# TASK TO COMPLETE:
Only one portion of the data is to be written out: from the line bearing "Woman Scratching Her" through the line bearing "Chasis Marco Frontal". Write it exactly as it appears.

(Records from a data source)
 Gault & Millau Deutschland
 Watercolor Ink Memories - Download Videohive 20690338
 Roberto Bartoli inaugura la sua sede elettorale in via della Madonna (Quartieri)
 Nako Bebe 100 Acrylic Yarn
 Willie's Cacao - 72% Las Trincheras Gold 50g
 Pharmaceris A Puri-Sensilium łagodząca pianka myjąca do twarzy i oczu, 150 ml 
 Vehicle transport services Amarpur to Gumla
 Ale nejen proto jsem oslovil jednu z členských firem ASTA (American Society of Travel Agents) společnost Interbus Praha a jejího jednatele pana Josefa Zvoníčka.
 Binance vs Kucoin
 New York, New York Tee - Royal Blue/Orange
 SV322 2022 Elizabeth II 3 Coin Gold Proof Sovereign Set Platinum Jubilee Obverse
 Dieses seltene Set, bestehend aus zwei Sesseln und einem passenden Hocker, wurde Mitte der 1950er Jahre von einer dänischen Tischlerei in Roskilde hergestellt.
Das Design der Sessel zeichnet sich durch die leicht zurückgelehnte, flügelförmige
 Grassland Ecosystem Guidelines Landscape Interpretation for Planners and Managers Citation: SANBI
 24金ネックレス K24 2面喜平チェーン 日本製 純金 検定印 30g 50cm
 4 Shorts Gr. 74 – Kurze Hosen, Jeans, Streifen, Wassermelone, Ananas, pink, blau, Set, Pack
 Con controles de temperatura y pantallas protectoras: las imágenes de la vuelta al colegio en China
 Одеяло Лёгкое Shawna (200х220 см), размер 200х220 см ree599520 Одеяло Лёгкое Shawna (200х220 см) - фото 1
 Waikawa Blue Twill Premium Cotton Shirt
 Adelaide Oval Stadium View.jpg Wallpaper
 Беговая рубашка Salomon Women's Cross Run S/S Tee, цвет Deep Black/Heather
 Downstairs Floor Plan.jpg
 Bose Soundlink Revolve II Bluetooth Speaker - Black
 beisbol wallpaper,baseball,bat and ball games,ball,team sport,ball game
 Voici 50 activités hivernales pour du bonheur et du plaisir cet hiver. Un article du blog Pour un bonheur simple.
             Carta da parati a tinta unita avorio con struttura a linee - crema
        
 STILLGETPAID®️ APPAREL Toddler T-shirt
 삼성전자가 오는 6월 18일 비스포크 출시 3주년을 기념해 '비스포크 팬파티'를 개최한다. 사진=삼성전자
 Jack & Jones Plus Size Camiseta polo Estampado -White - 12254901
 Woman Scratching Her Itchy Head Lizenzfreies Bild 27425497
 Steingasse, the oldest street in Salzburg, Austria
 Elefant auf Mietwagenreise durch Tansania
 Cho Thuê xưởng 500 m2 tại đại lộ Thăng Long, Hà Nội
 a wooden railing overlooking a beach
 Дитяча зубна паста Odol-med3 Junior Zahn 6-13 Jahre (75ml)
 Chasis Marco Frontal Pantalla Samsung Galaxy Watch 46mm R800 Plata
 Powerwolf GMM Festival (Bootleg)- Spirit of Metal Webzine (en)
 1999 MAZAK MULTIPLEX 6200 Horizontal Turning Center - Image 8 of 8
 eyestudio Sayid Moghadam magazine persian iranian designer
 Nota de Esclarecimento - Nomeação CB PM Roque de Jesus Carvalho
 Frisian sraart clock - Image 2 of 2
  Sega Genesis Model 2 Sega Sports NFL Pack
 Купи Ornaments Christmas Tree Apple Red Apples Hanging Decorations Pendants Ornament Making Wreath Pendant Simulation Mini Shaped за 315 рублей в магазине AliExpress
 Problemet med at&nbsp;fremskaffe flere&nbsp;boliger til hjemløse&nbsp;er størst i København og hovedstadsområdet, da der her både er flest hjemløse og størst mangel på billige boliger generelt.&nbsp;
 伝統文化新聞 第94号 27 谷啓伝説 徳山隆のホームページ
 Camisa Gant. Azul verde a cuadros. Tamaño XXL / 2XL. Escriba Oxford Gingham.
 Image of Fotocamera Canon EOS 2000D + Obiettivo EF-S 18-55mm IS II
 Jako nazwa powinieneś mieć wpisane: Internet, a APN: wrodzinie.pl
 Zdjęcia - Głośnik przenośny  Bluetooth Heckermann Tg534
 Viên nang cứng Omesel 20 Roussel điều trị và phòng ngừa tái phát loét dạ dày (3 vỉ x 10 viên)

# RESULT OF THIS TASK:
 Woman Scratching Her Itchy Head Lizenzfreies Bild 27425497
 Steingasse, the oldest street in Salzburg, Austria
 Elefant auf Mietwagenreise durch Tansania
 Cho Thuê xưởng 500 m2 tại đại lộ Thăng Long, Hà Nội
 a wooden railing overlooking a beach
 Дитяча зубна паста Odol-med3 Junior Zahn 6-13 Jahre (75ml)
 Chasis Marco Frontal Pantalla Samsung Galaxy Watch 46mm R800 Plata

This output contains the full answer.